The jury was polled by show of hands. One or two jurors weren’t sure, two were prepared to convict, and the rest voted not guilty. The jury was fairly evenly split by gender. Three jurors were black, two might have been Latino (I don’t remember their names and can’t tell just by looking). The youngest was 18 or 19, the oldest around 60. The two who voted guilty were a young black woman and an older white woman. Most of the time of our deliberation was spent in back and forth between these two guilty voters and others expressing doubt. It seemed that the pair in favor of convicting believed the wife’s story rather than the husband’s, and were not concerned as the rest of us were by the inconsistencies and implausibilities of the various accounts. Neither one of the guilty voters spoke very articulately about the case, or made any serious effort to persuade the rest of us and see the error of our judgement. The younger of the two was unaware that juries must come to a unanimous verdict, and was expecting the majority to rule. In this regard at least, she would have been well served by watching more movies and TV shows with legal settings. She also remembered an important detail of the police officer’s testimony wrongly in a way that disadvantaged the defendant, but was not about to change her vote after being corrected. She maintained that the defendant should be found guilty.

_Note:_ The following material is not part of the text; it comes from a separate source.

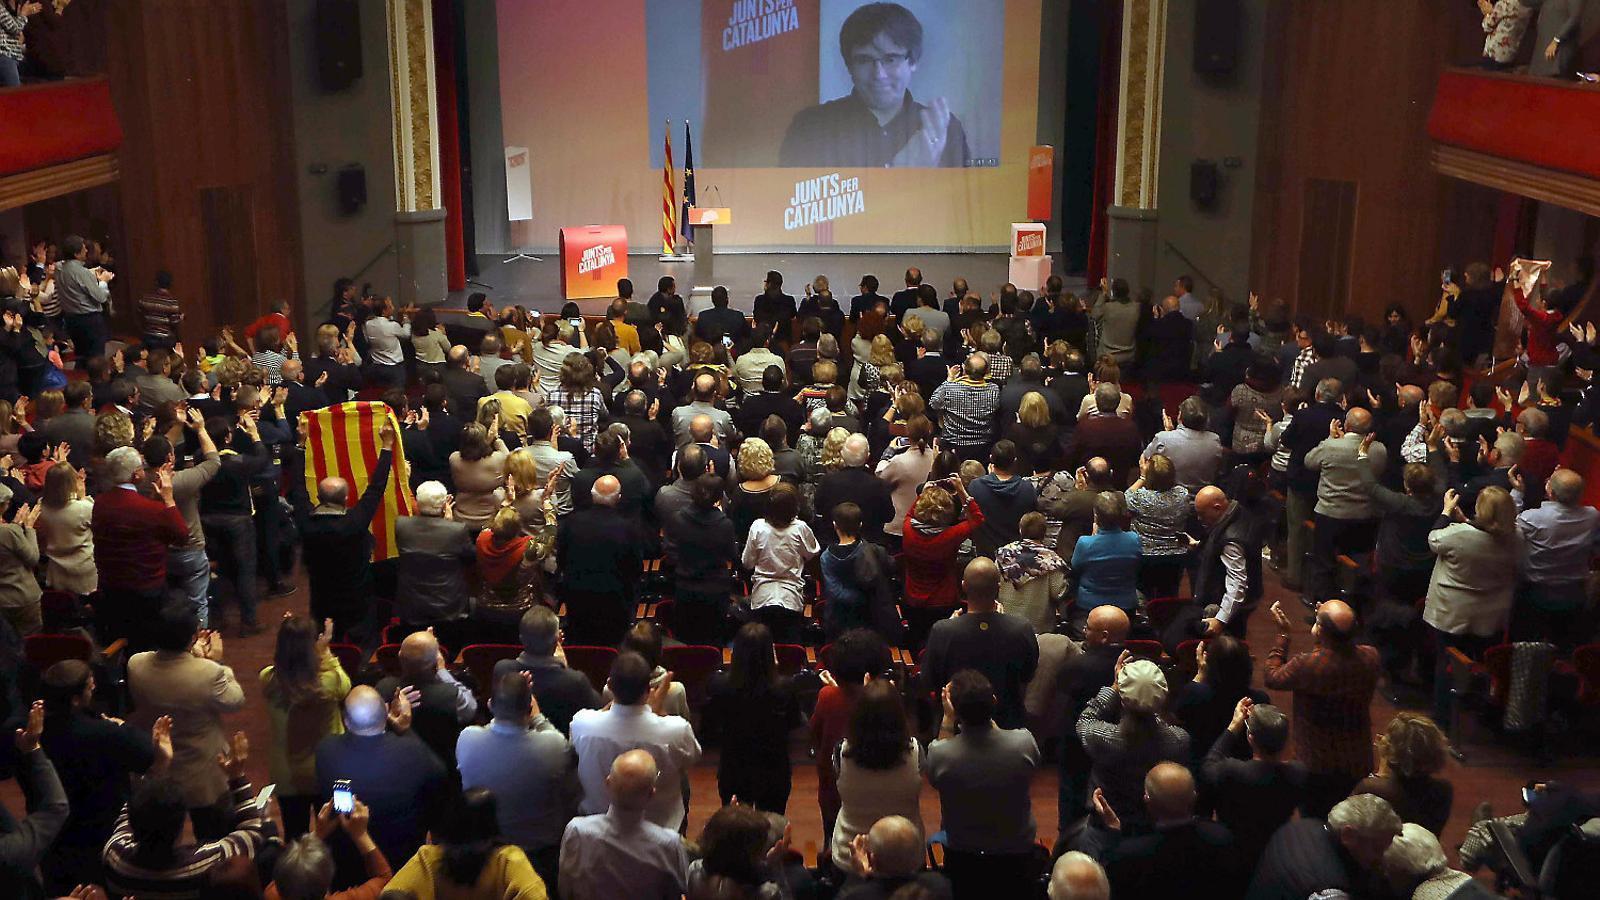 JxCat busca el vot socialista desencantat amb el 155
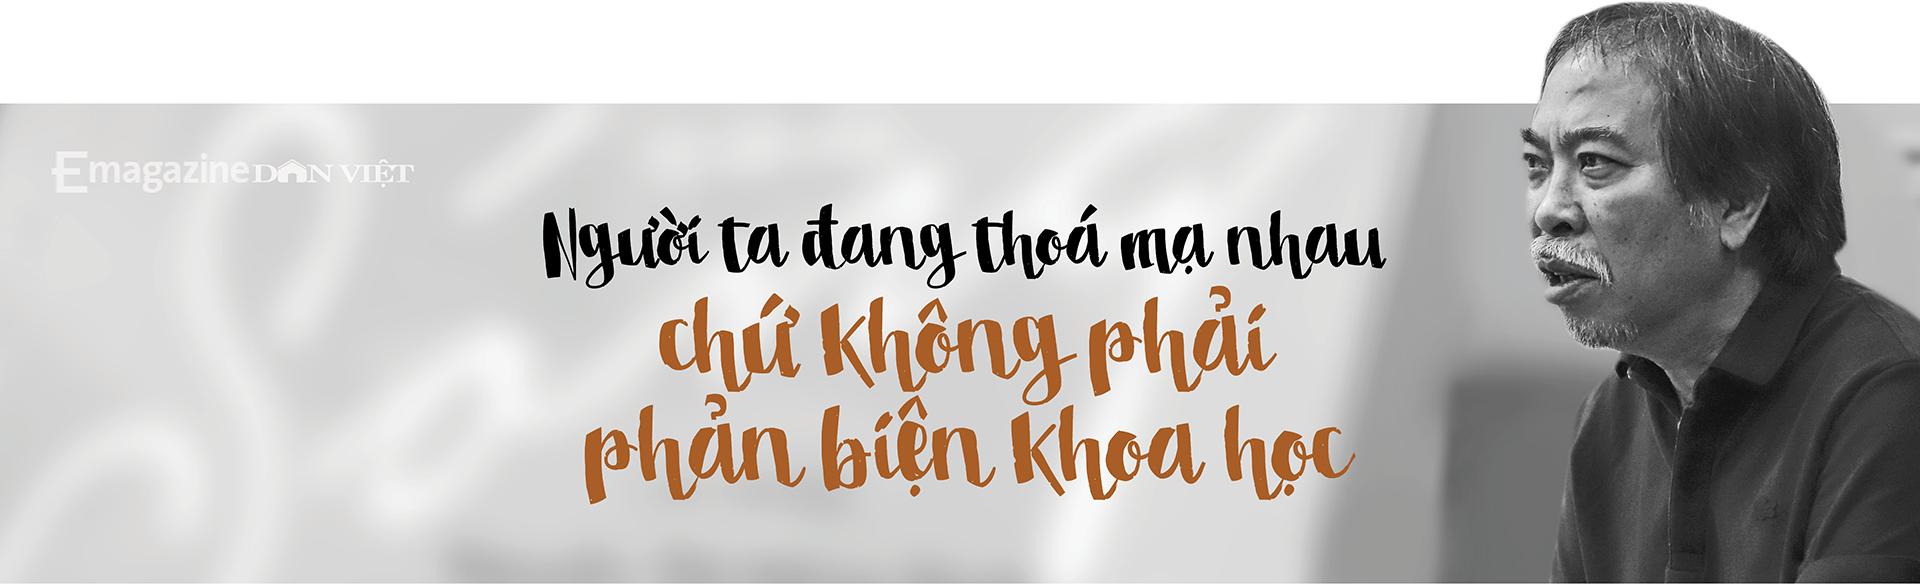 Nhà văn Nguyễn Quang Thiều: Sự đập cánh của đôi cánh tự do khác đôi chân của kẻ tuỳ tiện - Ảnh 15.

After less than half an hour the bailiff appeared to check on us as he said he would periodically. As instructed, we went silent at his knock on the door. He was in a chatty mood and started to share details of his personal life. He just hit the big five oh and has three young kids. He hates working out on the treadmill but likes to play basketball. (This was apropos of being a bit winded by climbing the stairs to the jury room.) But on Thursdays, the guys at the courthouse gym sometimes don’t show up for the basketball game…
As soon as he left the room, the foreperson asked for another poll of the jury. All twelve hands rose immediately for not guilty. Perhaps being deprived of phones hastened the process. Could be, but no one wanted to be there in the first place, and no one seemed willing to endure a long deliberation. In effect, the majority did rule. In the courtroom the judge read our verdict aloud, asked us one by one if this was our decision, and dismissed the jury (“all rise for the jury”), thanking us again for our service. For the first time, the defendant looked in my direction. I saw no expression worth noting on the face of the prosecutor, or of the defendant’s ex-wife sitting on the other side of the high glass. I didn’t notice the defense attorney’s expression but I wondered if he was at all surprised to win the case as I reevaluated my sense of his competence. We were led out through the bullpen and a few of us said polite goodbyes as we scattered at once through the corridor to elevators, bathrooms, and stairwells. Downstairs I passed by the young woman juror, the one who would have convicted the defendant and who didn’t know verdicts must be unanimous. She was standing inside the courthouse door clutching her phone. Snow was falling and there was still enough time to go somewhere and do something on a Thursday afternoon. I said “see ya” and gave her a friendly wave as I walked out to catch my bus.